Predictors of Success After Laparoscopic Sleeve Gastrectomy: An Analysis of Socioeconomic and Demographic Factors

Ameer Gomberawalla, MD, Thomas Willson, MD, Kimberley Mahoney, RN, Alfonso Torquati, MD, FACS, Rami Lutfi, MD, FACS

Saint Joseph Hospital, Chicago Institute of Advanced Bariatrics

INTRODUCTION: Laparoscopic sleeve gastrectomy (LSG) is gaining more popularity and has become the fastest growing bariatric operation at this time. However,it has been difficult to predict optimal outcomes. Our study is aimed at identifying preoperative factors that are predictive of successful weight loss after LSG.

METHODS and PROCEDURES: A total of 100 consecutive patients were enrolled over 36 months. Socioeconomic and demographic factors were prospectively collected for patients undergoing LSG. All procedures were performed by a single surgeon in a single teaching institution. Primary endpoint was percent of excess weight loss (EWL) at one year follow up. The cutoff point to define inadequate weight loss was set as mean 1-year EWL -1 SD. Logistic regression was used in both univariate and multivariate analysis to identify independent preoperative factors associated with successful weight loss.

RESULTS: Mean preoperative body mass index (BMI) was 48.72. Mean EWL at one year was 65.7% ± 23.5; therefore, adequate weight loss was defined as EWL > 42.2%. According to this cutoff, 82 patients (82%) achieved successful weight loss one year after LSG. On univariate analysis, higher preoperative BMI, being a current or past smoker, unemployment, and a lower level of education were associated with a higher likelihood of failure. Age, sex, marital status, number of children, and history of binge eating or depression were not correlated with weight loss outcome. Preoperative BMI remained an independent predictor of success (adequate EWL at 1 year) in the multivariate logistic regression model after adjusting for covariates. Average BMI for the successful group was 47.5 versus 53.5 for the inadequate EWL group.
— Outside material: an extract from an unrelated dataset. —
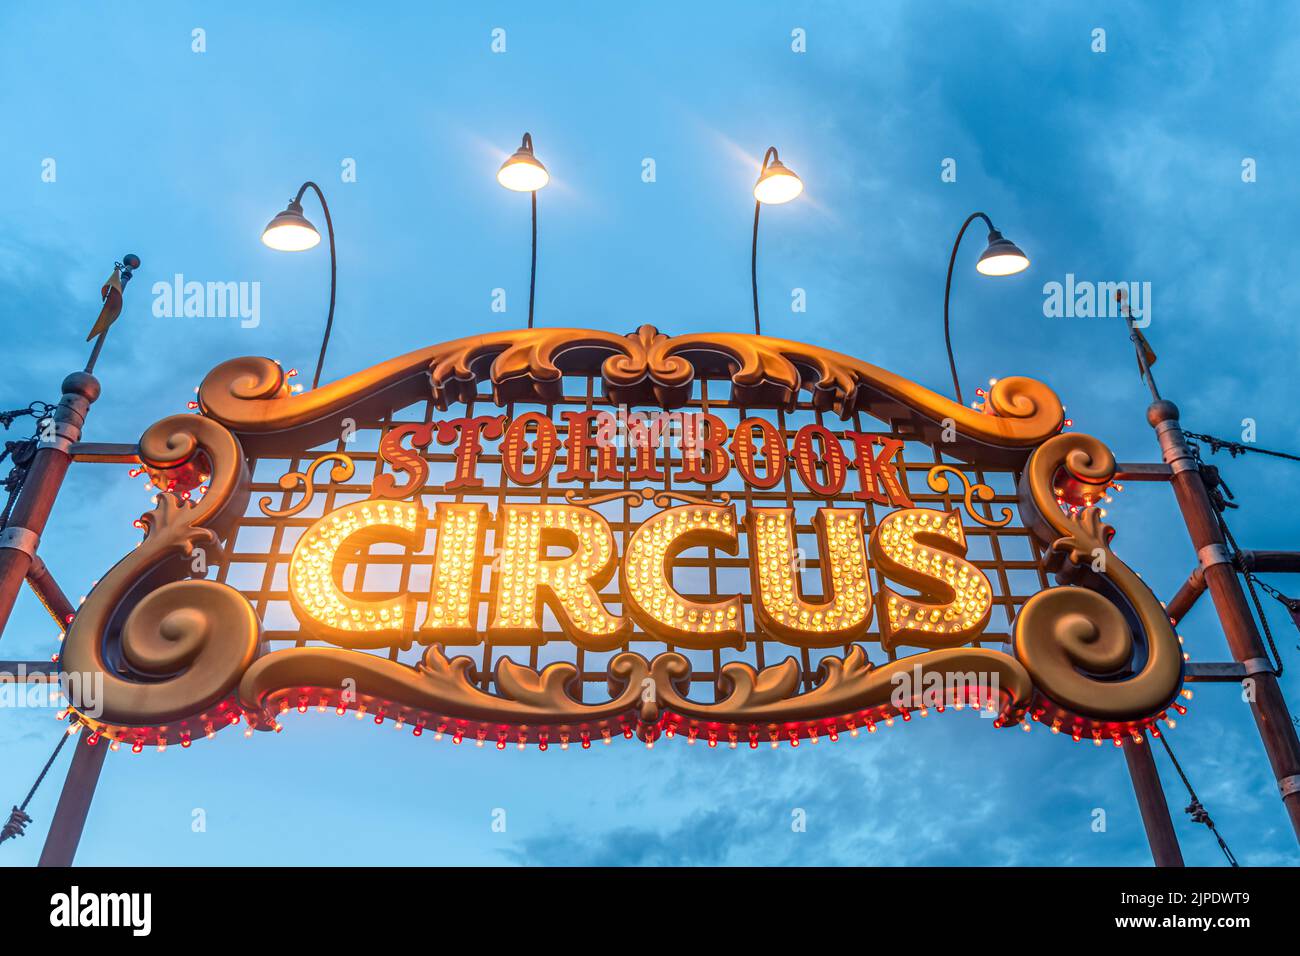 Storybook Circus sign illuminated at night Stock Photo

A unit increase in BMI is associated with 1.1 increase in the log hazard rate of having an inadequate EWL (OR 1.1; 95% CI: 1-1.1, p = 0.008).

CONCLUSIONS: Successful weight loss was achieved in more than 82% of patients undergoing LSG. Patients with BMI lower than 50 have the highest odds to achieve such success and therefore they should represent the ideal target population for LSG.